- Research article
- Open Access
Design and applicability of DNA arrays and DNA barcodes in biodiversity monitoring
BMC Biologyvolume 5, Article number: 24 (2007)
The rapid and accurate identification of species is a critical component of large-scale biodiversity monitoring programs. DNA arrays (micro and macro) and DNA barcodes are two molecular approaches that have recently garnered much attention.
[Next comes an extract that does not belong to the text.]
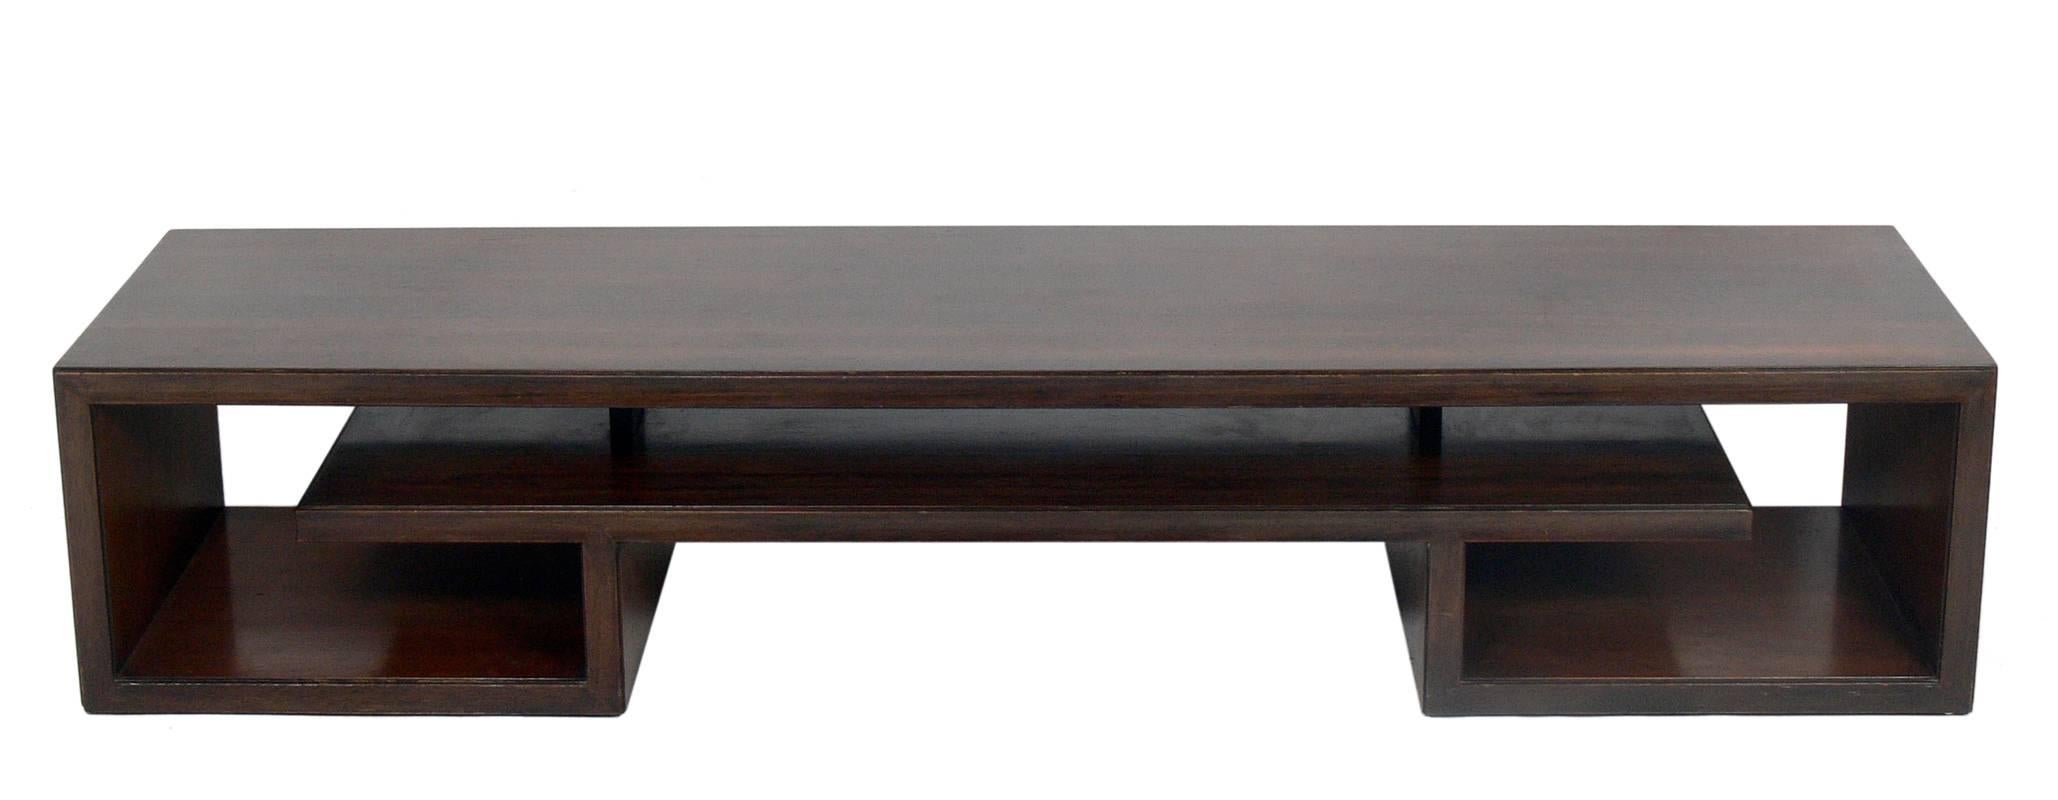 Asian Form Rosewood Coffee Table or Bench, designed by Paul Frankl for Johnson Furniture, American, circa 1950's. It exhibits an elegant Asian scroll design with beautifully grained rosewood. It is a versatile size and can be used as a coffee table

Here, we compare these two platforms for identification of an important group, the mammals.
Our analyses, based on the two commonly used mitochondrial genes cytochrome c oxidase I (the standard DNA barcode for animal species) and cytochrome b (a common species-level marker), suggest that both arrays and barcodes are capable of discriminating mammalian species with high accuracy. We used three different datasets of mammalian species, comprising different sampling strategies. For DNA arrays we designed three probes for each species to address intraspecific variation. As for DNA barcoding, our analyses show that both cytochrome c oxidase I and cytochrome b genes, and even smaller fragments of them (mini-barcodes) can successfully discriminate species in a wide variety of specimens.
This study showed that DNA arrays and DNA barcodes are valuable molecular methods for biodiversity monitoring programs. Both approaches were capable of discriminating among mammalian species in our test assemblages. However, because designing DNA arrays require advance knowledge of target sequences, the use of this approach could be limited in large scale monitoring programs where unknown haplotypes might be encountered. DNA barcodes, by contrast, are sequencing-based and therefore could provide more flexibility in large-scale studies.
Species identification is essential for large-scale biodiversity monitoring and conservation . Several molecular methods have been employed for biodiversity studies, but traditional methods such as allozyme analysis are usually labor-intensive and irreproducible. Because of advances in DNA-based technologies, approaches such as DNA arrays and DNA barcoding have recently gained attention. Both of these methods are based on comparative DNA sequence analysis, but they have significant differences.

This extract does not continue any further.